**What you need to do**
Nothing in the data may be altered, so output all of it exactly.

Dataset items
----------
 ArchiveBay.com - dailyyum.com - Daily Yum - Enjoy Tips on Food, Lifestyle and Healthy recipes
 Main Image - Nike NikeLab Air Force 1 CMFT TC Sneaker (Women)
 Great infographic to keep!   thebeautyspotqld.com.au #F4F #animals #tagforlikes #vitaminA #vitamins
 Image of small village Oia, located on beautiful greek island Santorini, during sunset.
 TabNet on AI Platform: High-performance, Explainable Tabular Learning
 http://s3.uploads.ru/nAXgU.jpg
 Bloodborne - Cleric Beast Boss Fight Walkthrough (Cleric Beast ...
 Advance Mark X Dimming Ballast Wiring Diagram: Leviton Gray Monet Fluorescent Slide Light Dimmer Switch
----------
**Reply to the exercise**
 ArchiveBay.com - dailyyum.com - Daily Yum - Enjoy Tips on Food, Lifestyle and Healthy recipes
 Main Image - Nike NikeLab Air Force 1 CMFT TC Sneaker (Women)
 Great infographic to keep!   thebeautyspotqld.com.au #F4F #animals #tagforlikes #vitaminA #vitamins
 Image of small village Oia, located on beautiful greek island Santorini, during sunset.
 TabNet on AI Platform: High-performance, Explainable Tabular Learning
 http://s3.uploads.ru/nAXgU.jpg
 Bloodborne - Cleric Beast Boss Fight Walkthrough (Cleric Beast ...
 Advance Mark X Dimming Ballast Wiring Diagram: Leviton Gray Monet Fluorescent Slide Light Dimmer Switch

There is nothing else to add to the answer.